Who's buying US Federal debt since the Fed reduced its balance sheet?
|Since June 2022, the U.S. Federal Reserve has largely reduced its holdings of U.S. Treasury debt as part of its quantitative tightening program, or QT, after having massively expanded them between March 2020 and May 2022, as part of its quantitative easing program, or QE.
Since June 2022, the U.S. Federal Reserve has largely reduced its holdings of U.S. Treasury debt as part of its quantitative tightening program, or QT, after having massively expanded them between March 2020 and May 2022, as part of its quantitative easing program, or QE. The graph we comment on here shows which institutional sectors took over from the Fed to absorb the paper issued by the Treasury.
The histograms illustrate changes in the relative weight of each of the US Treasury's creditors during the QE phase then during the QT phase. Since outstanding negotiable debt increased throughout the period, a decline in the relative weight of one of these sectors does not necessarily reflect net sales. In fact, since the beginning of the QT, all institutional sectors except the Fed have bought securities, but some sectors have bought less than others, so that their relative share has declined.
According to the financial accounts, it is mainly households and money market funds that have substituted for the Fed since the beginning of QT. The weight of the other sectors has varied little, except for that of foreign investors, which has declined over the entire period.
According to balance-of-payments data, this downturn was driven exclusively by the foreign official sector. In an effort to diversify their foreign exchange reserves, foreign central banks, governments and sovereign wealth funds partially shifted away from US federal debt, while foreign private investors such as insurers, pension funds and leveraged funds increased their exposure.
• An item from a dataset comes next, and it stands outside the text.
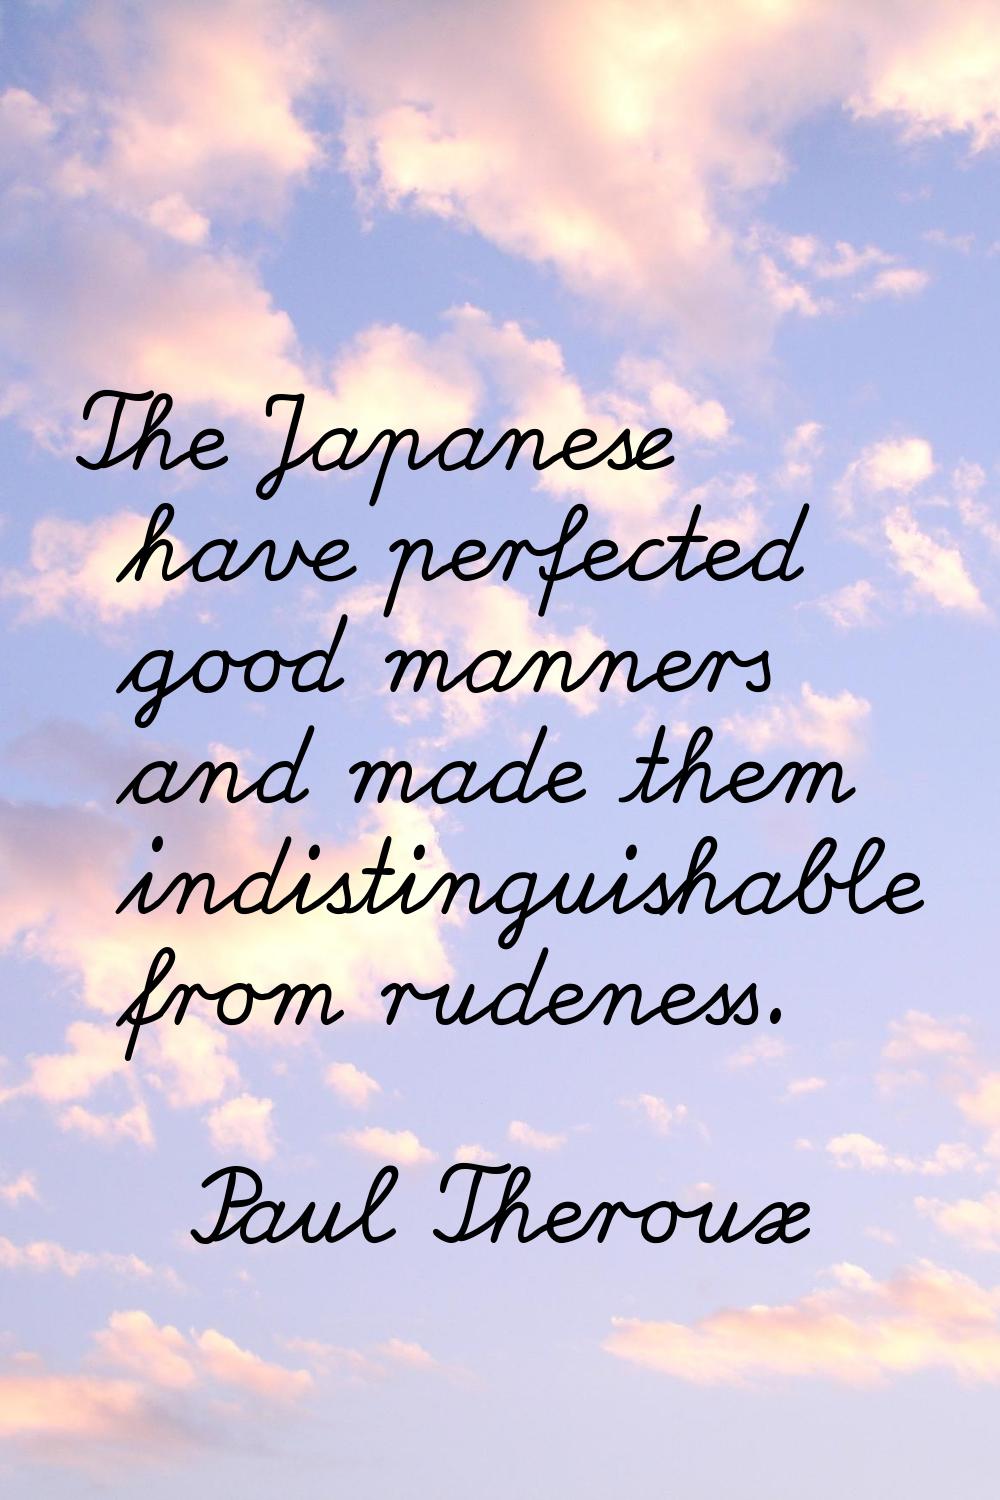 The Japanese have perfected good manners and made them indistinguishable from rudeness.

Additional data on leveraged funds' positions in the outright and derivative markets for Treasury securities allow us to refine this breakdown. The vast majority of hedge funds are domiciled abroad, mainly in the Cayman Islands, Luxembourg, Ireland or the Virgin Islands and, according to our estimates, since the start of the QT, the weight of these hedge funds among Treasury creditors has increased significantly unlike other foreign private investors.
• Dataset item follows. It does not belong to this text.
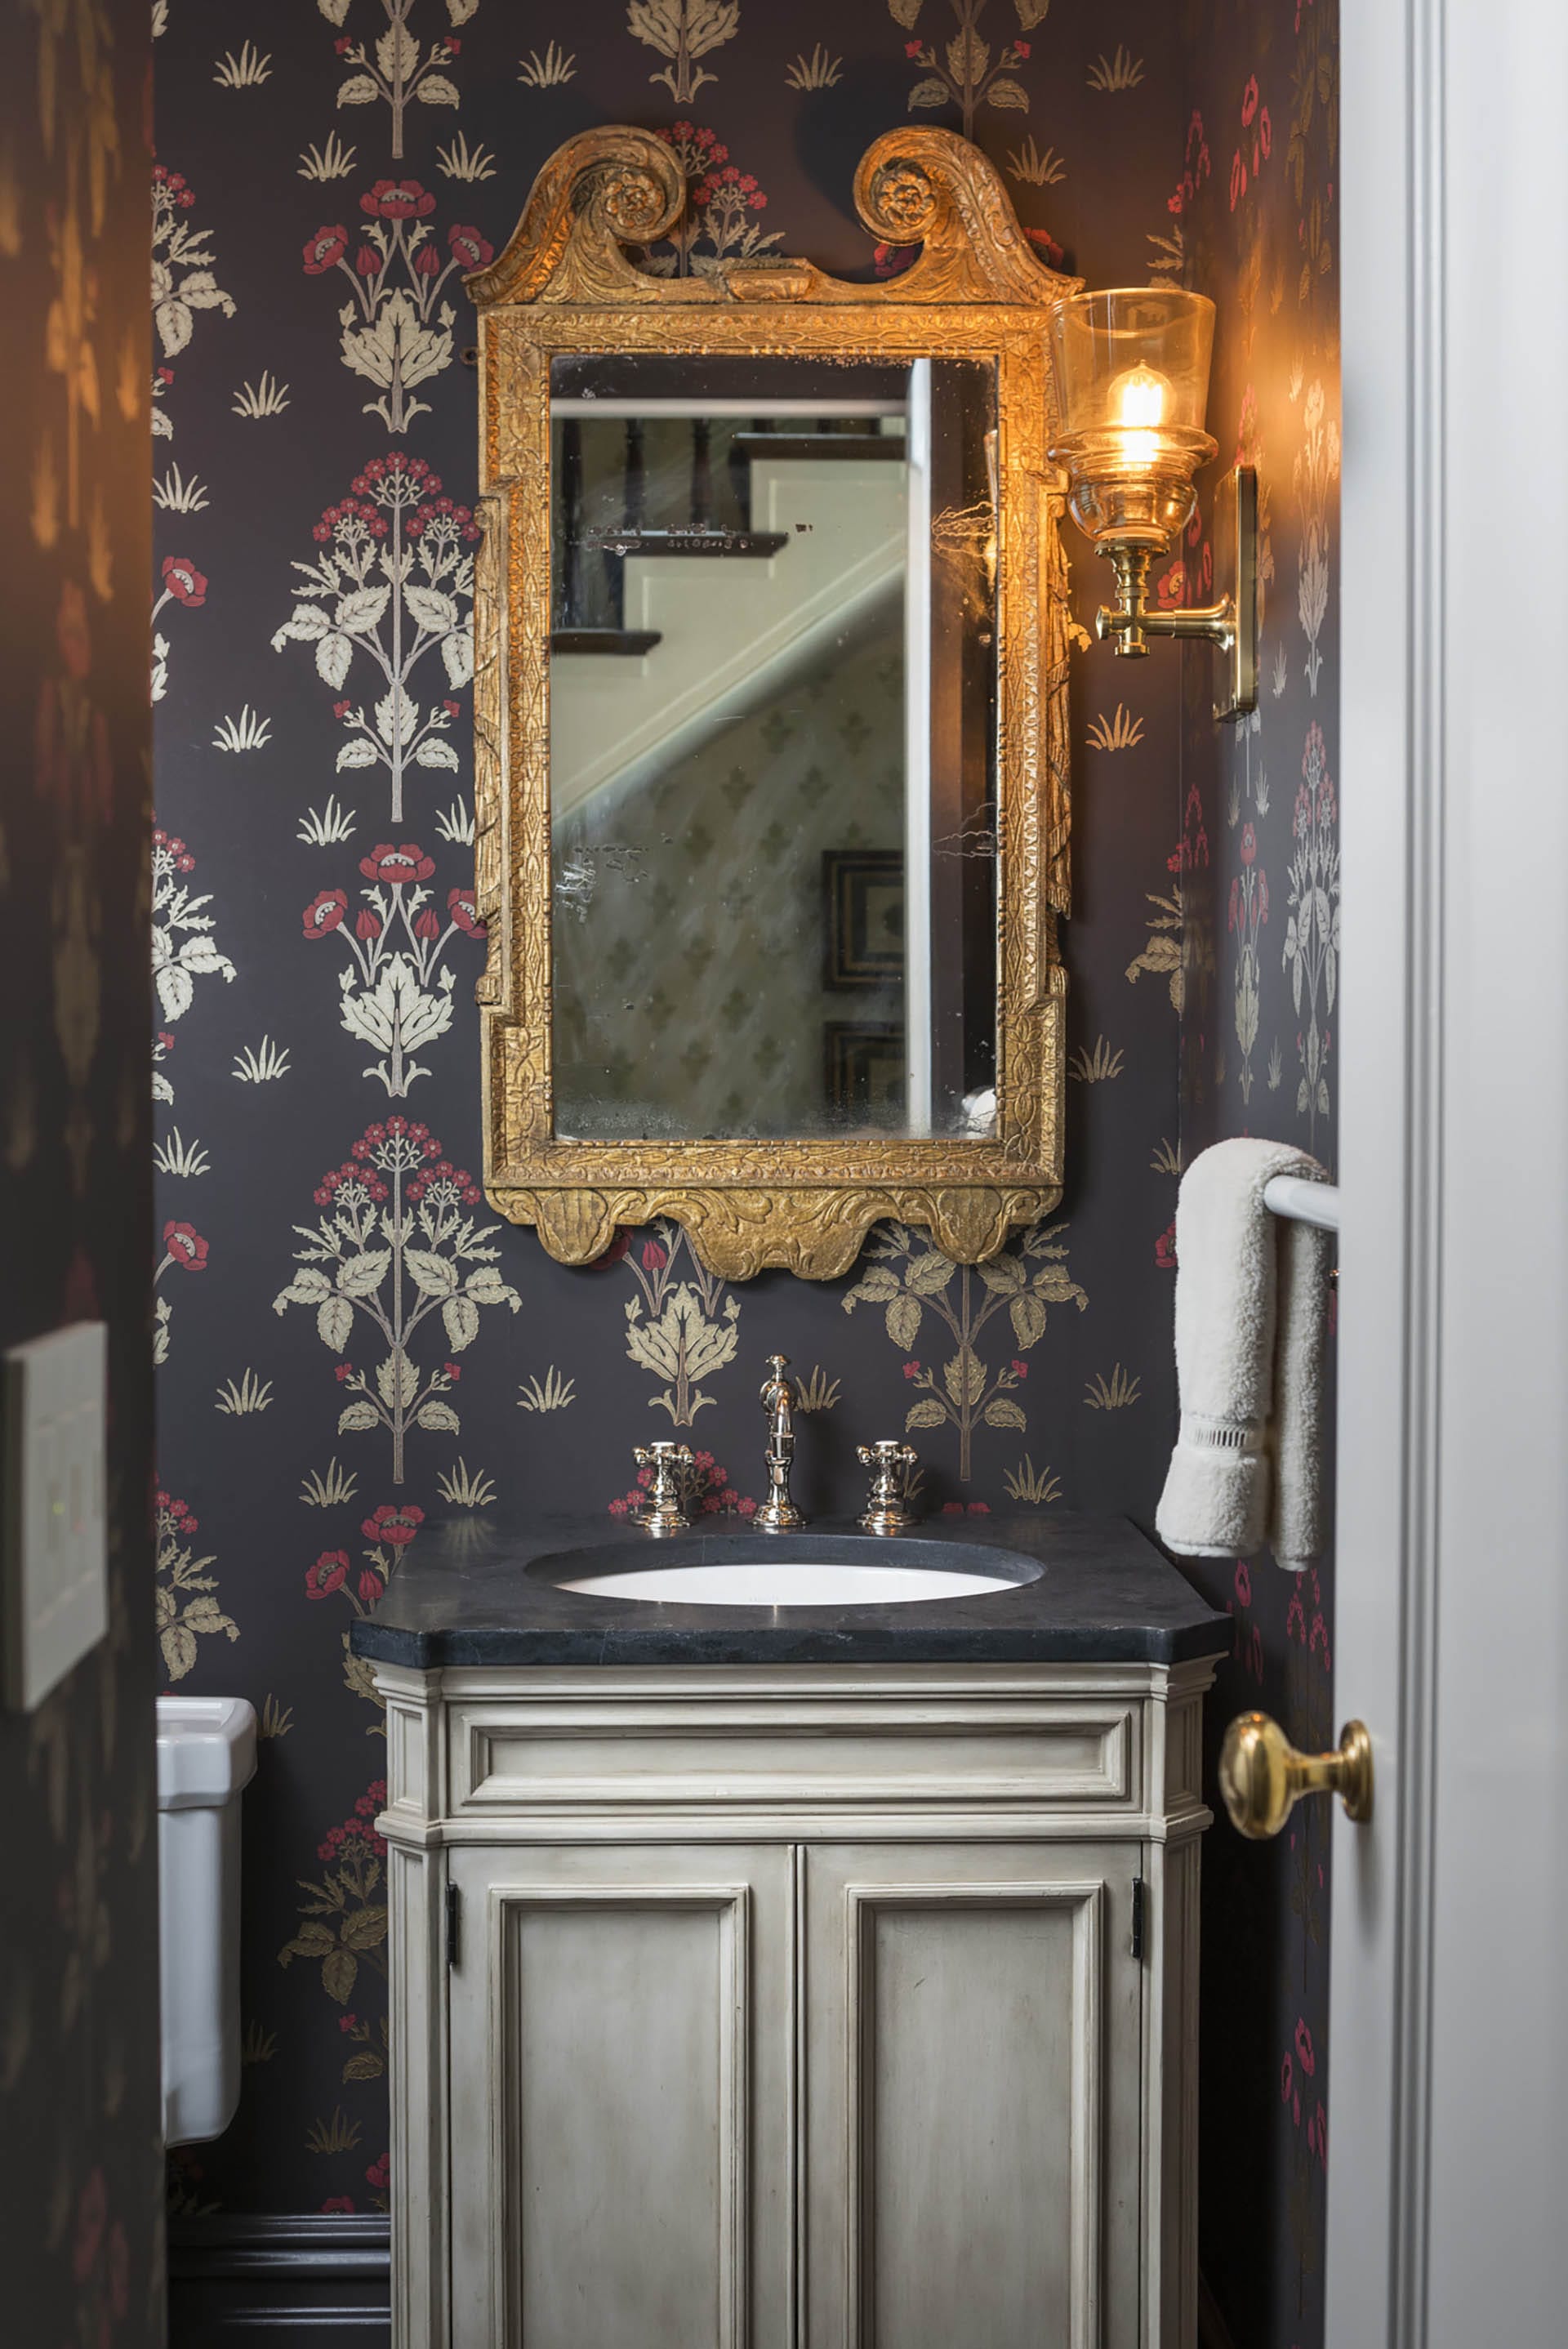 Powder room with an ornate gold mirror, purple floral wallpaper,, and a wall sconce

At the end of 2024, the Fed, as well as official foreign investors, held just under 15% of US federal debt, outstripped by foreign private investors, who held 18% . Resident and foreign hedge funds alone held 7%.
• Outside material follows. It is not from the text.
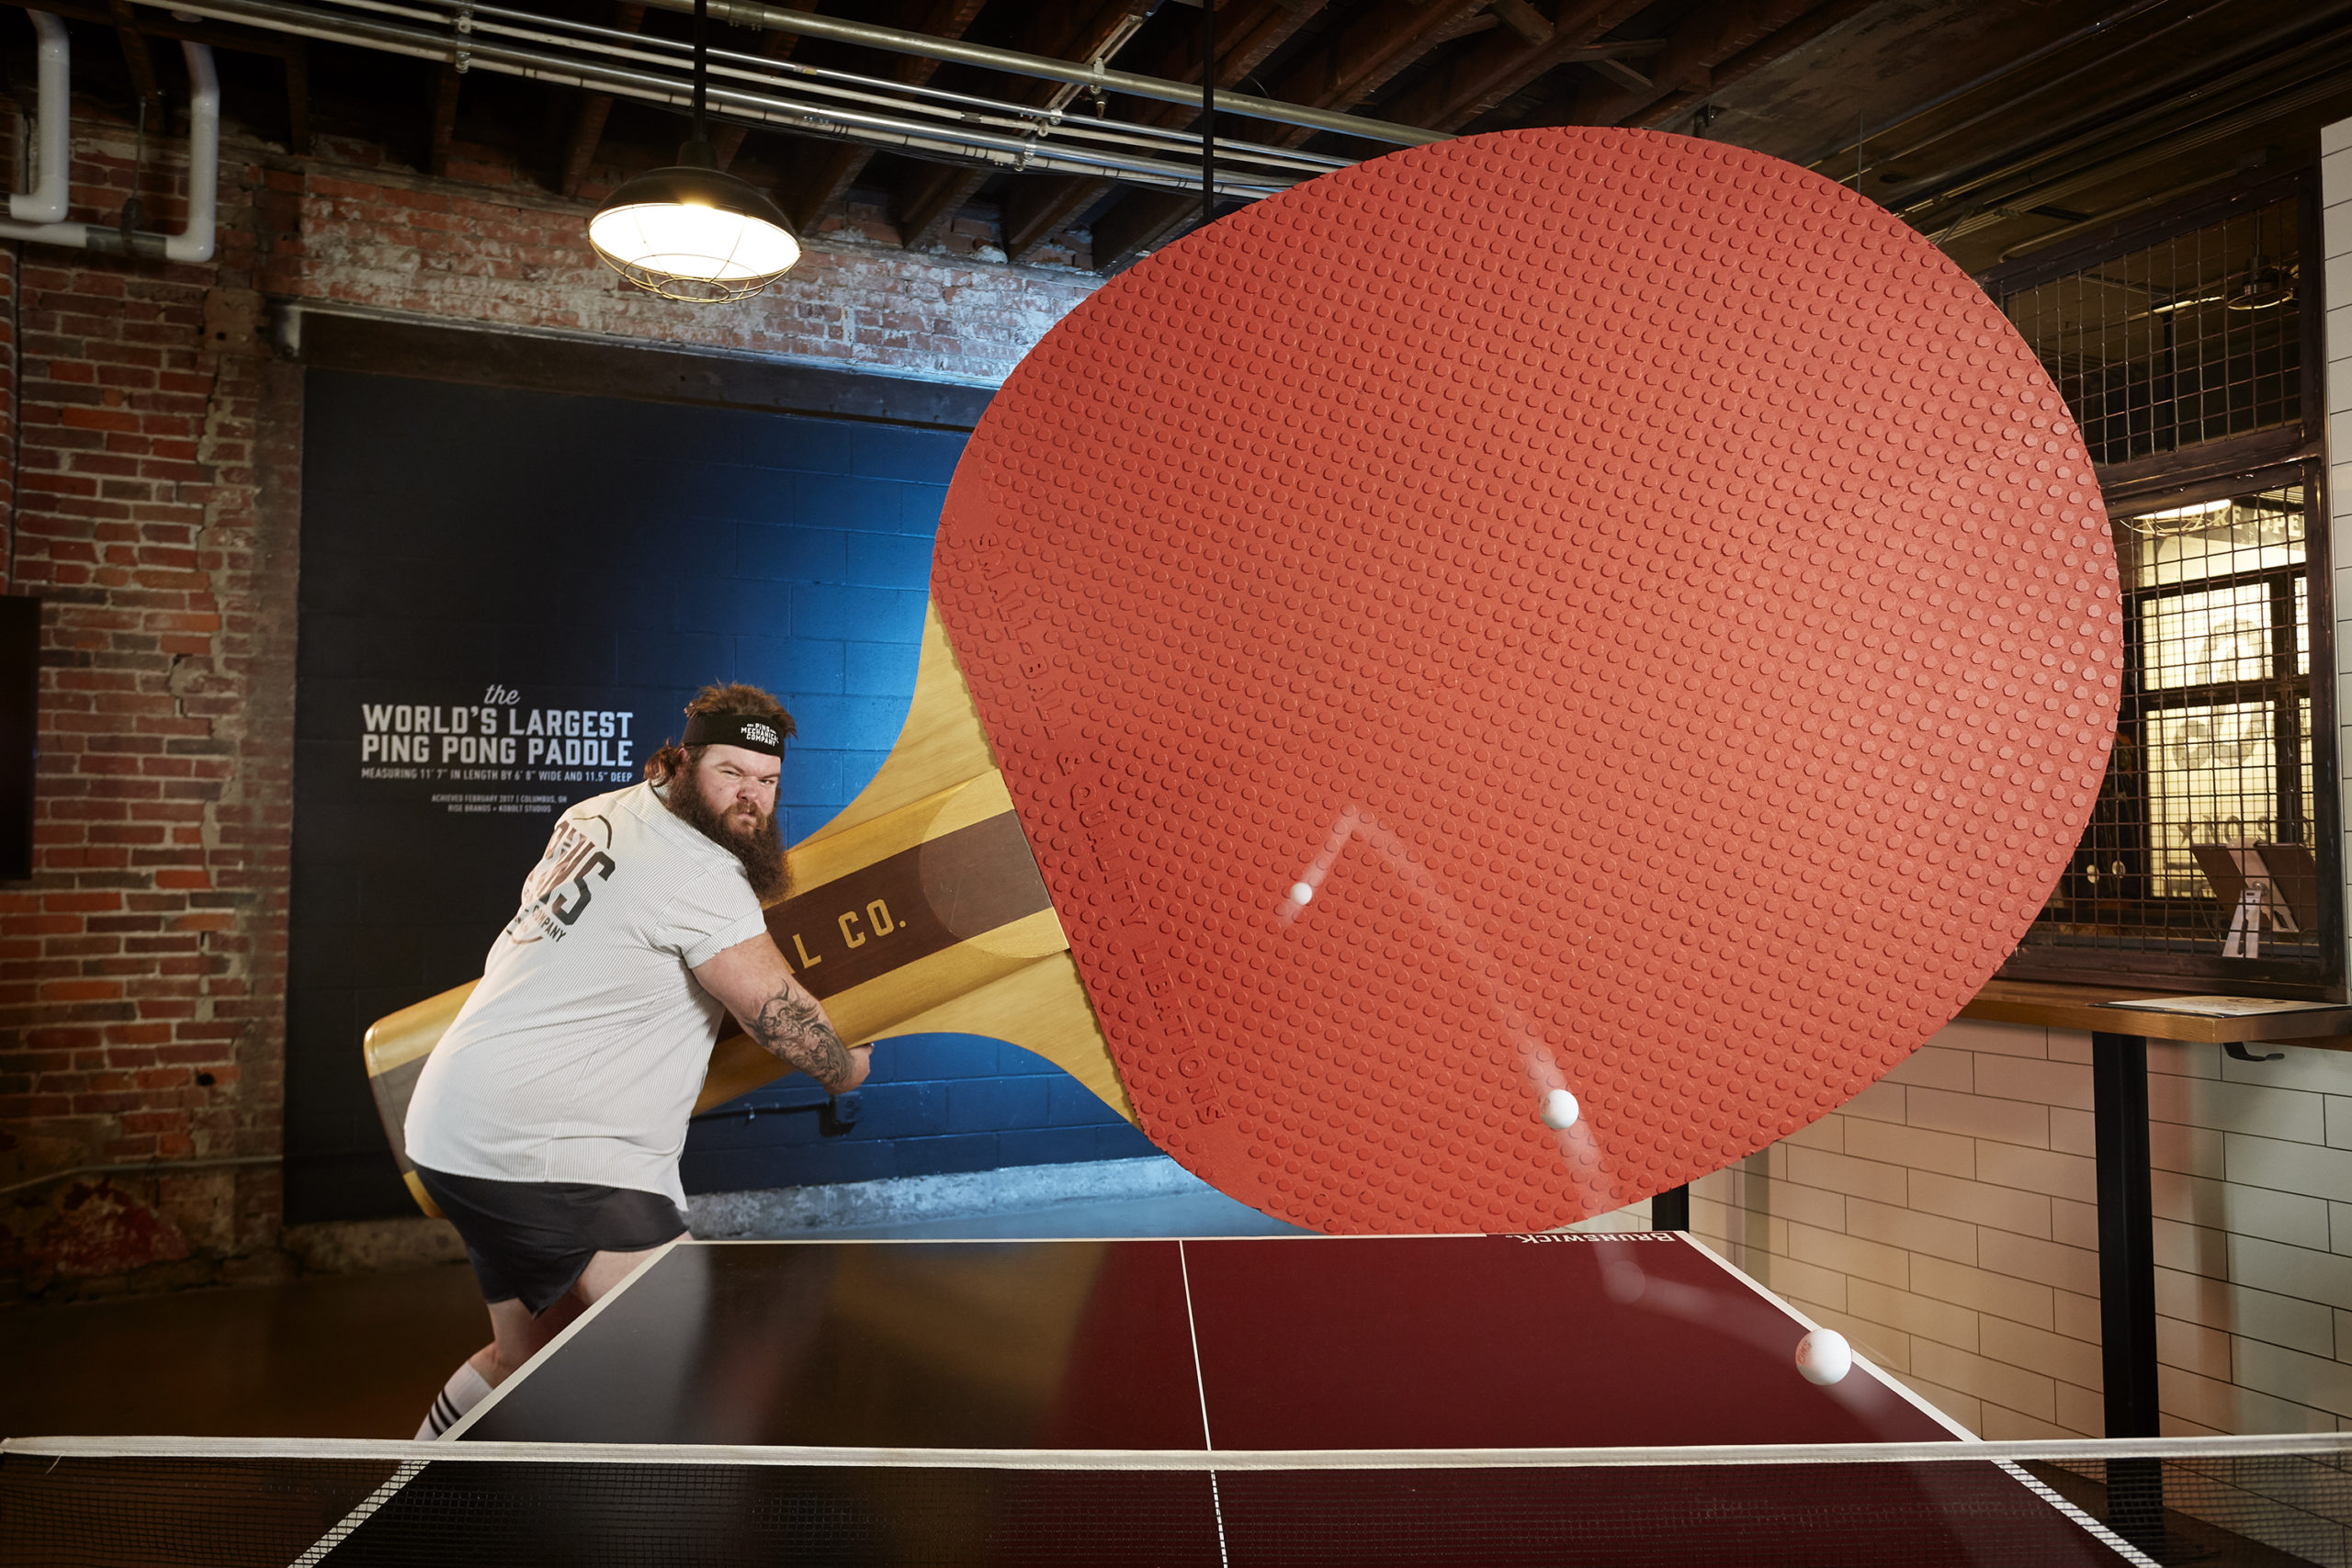 Largest Ping Pong Bat Guinness World Records 2020 Photo Credit: Kevin Scott Ramos/Guinness World Records

The turbulence caused by the announcement of US tariffs on April 2 did not spare the market US Treasury securities. While the safe-haven status of US federal debt was confirmed in the early days of the shock, we were reminded of its greater sensitivity to episodes of tension in the days that followed. Private investors have a very different investment model to that of official investors, particularly in terms of time horizon and risk profile, and it is not surprising that their growing weight is accompanied by greater interest rate volatility. But the unpredictability of the US administration and its questioning of multilateralism also risk damaging the confidence of a greater number of investors. Against this backdrop, and given the scale of the federal debt to be financed, the Fed could very soon put an end to its QT.